Kael watched the girl, his yellow eyes reflecting a mix of suspicion and dawning hope. He had stood outside this door for a thousand nights, listening to the sound of his best friend breaking himself into pieces. He had never seen the rage stop like this.

Slowly, Kael slid down the opposite wall, sitting a few feet away from Mei. He didn't say a word, but the yellow glow in his eyes faded back to a weary amber.

The silence from behind the door was no longer the silence of a predator waiting to strike. It was the silence of a creature that had been given a moment of peace.

He looked at the small human girl humming to the darkness. She was out of her depth, a lamb in a den of lions, and yet, she was the only one who hadn't reached for a weapon or a needle.

Lady Mooncrest was right, Kael realized, a heavy weight lifting from his shoulders. He doesn't need a warrior. He needs a reason to stop hating himself.

Mei

Mei continued to hum, her voice steadying as the house went quiet. She didn't know she had won a battle. She only knew that the snarling had stopped.

After a long while, the chill of the marble began to seep through her robe. She stood up slowly, her legs stiff. Kael rose with her, his massive frame looming, but his expression was different now. There was a trace of respect in the tilt of his head.

"Go to bed, Mei," he whispered. "He's asleep.
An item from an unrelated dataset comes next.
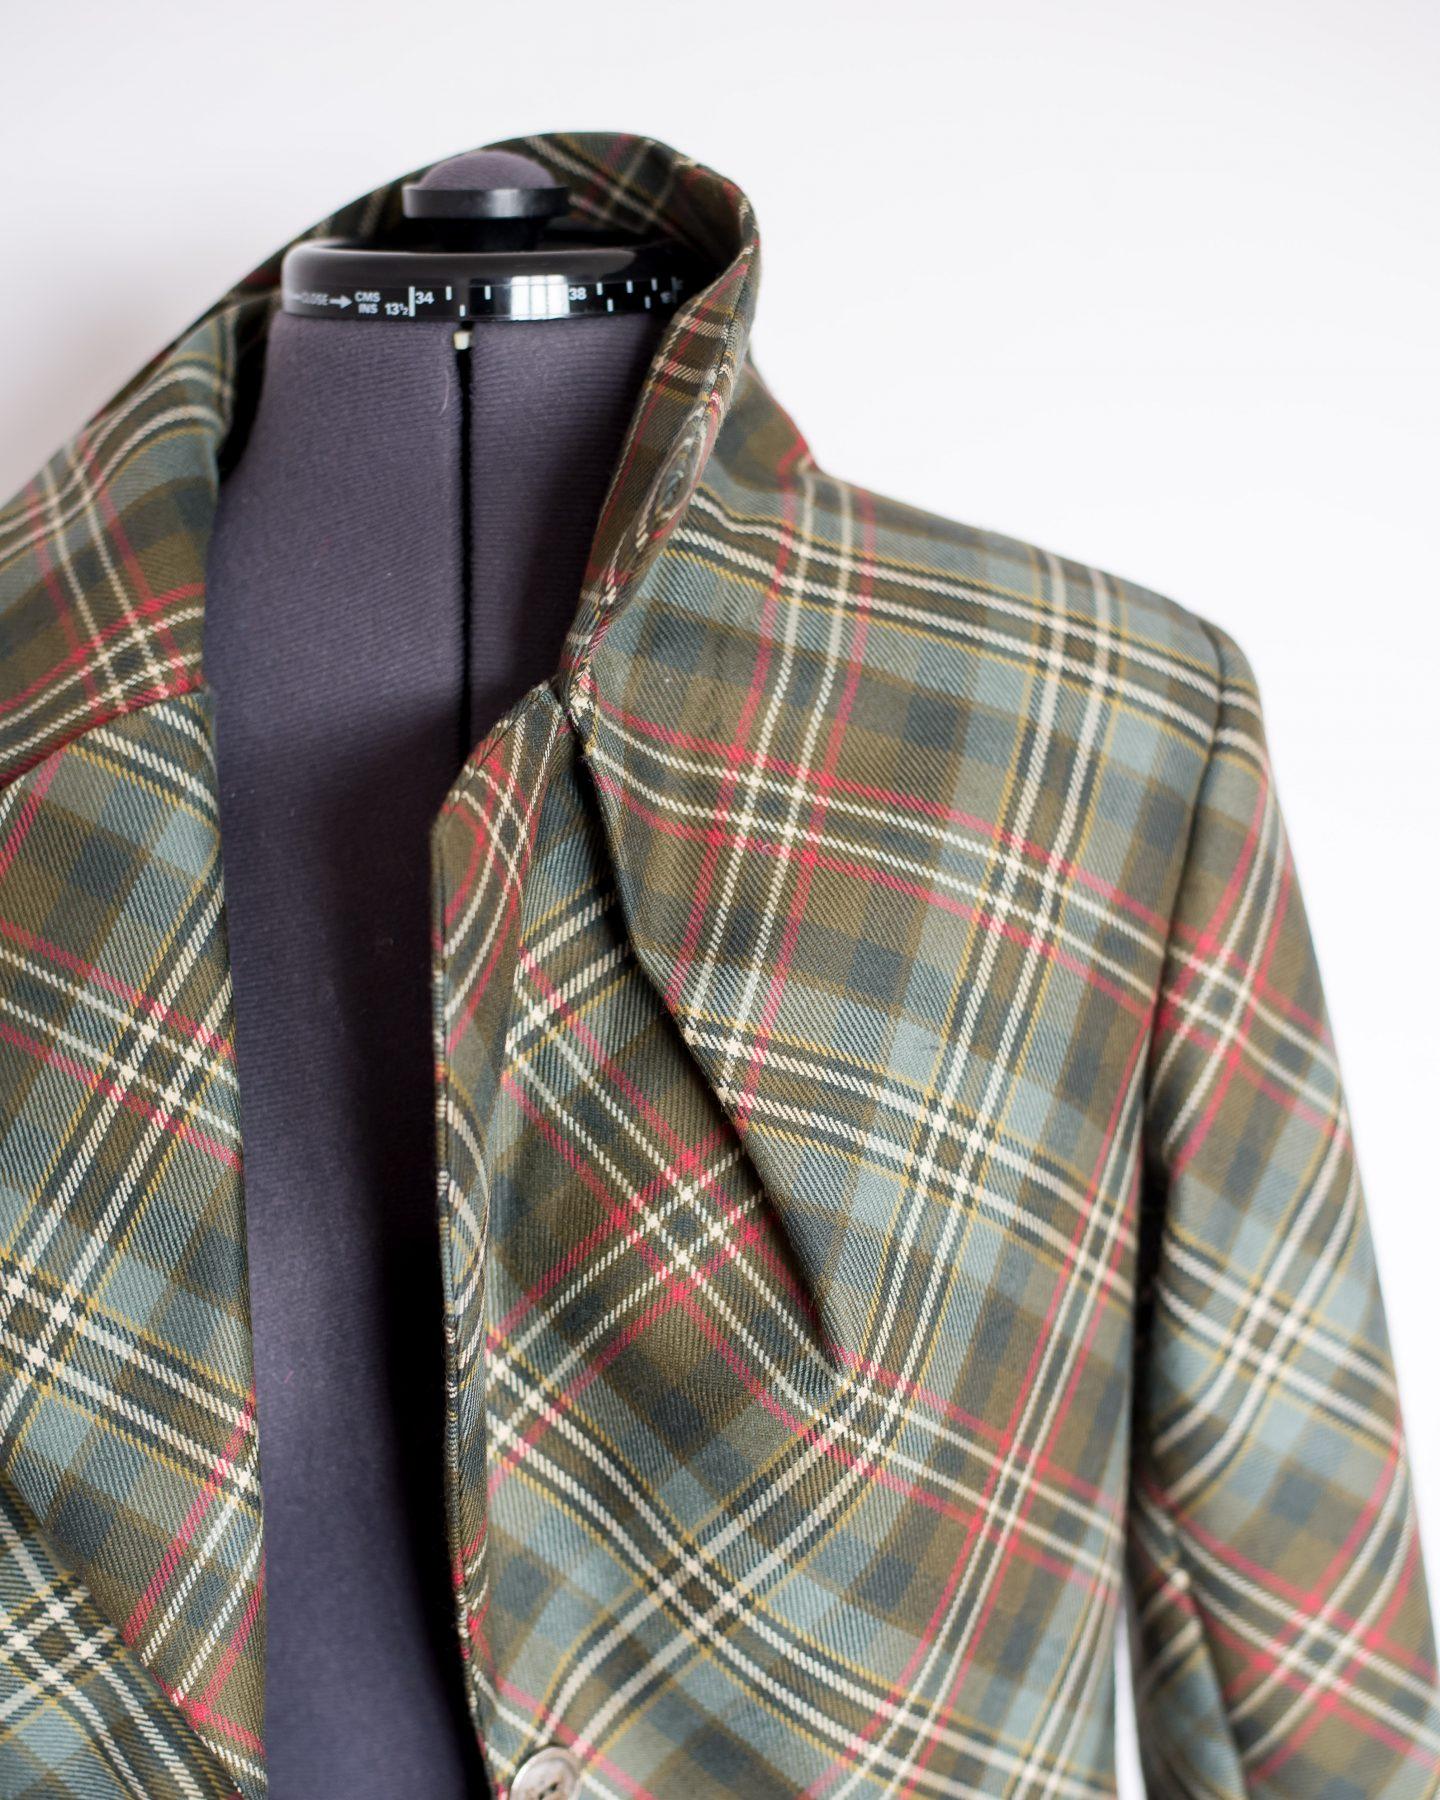 Tailored jacket part 2. Bust pleat detail.
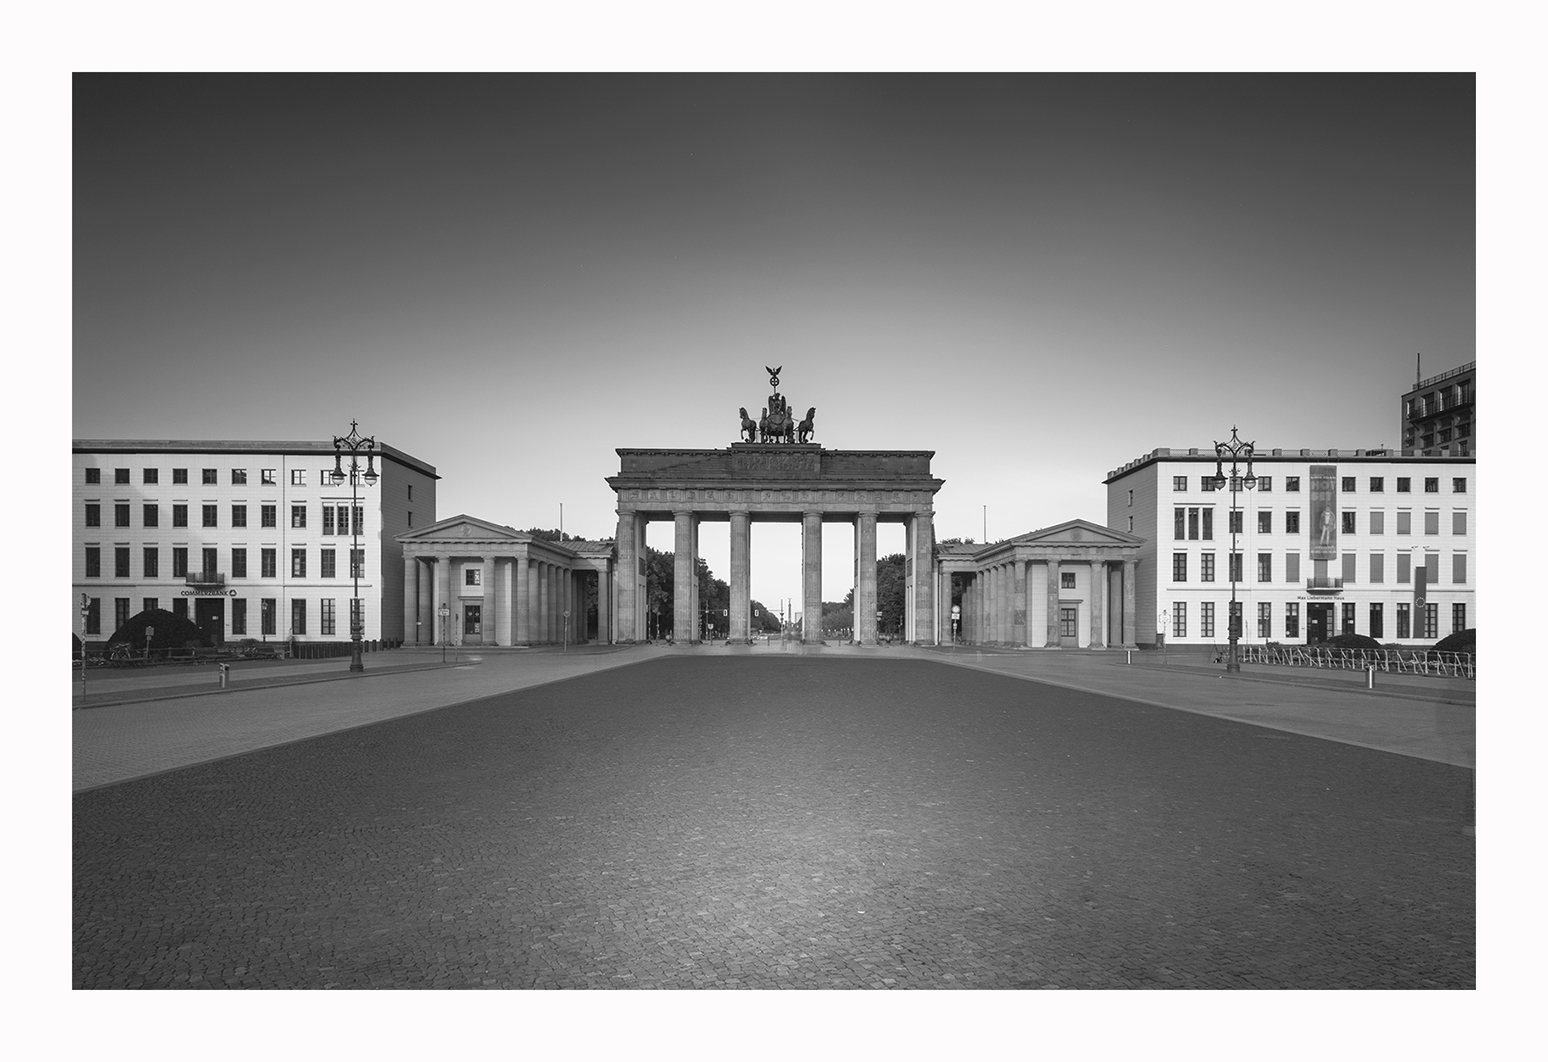 Brandenburger Gate / Tor, Germany

Or as close to it as he gets."

Mei nodded, her eyes lingering on the iron-bound door. She could almost feel him on the other side—a presence that felt heavy and lonely.

"See you at dawn, Kael," she said softly.

As she walked back toward her room, the shadows no longer seemed to snap at her heels. The mansion felt less like a fortress and more like a house.

But as she closed her door and turned the key, a single thought haunted her: If the sound of a human voice could do that, what would happen when she actually saw him?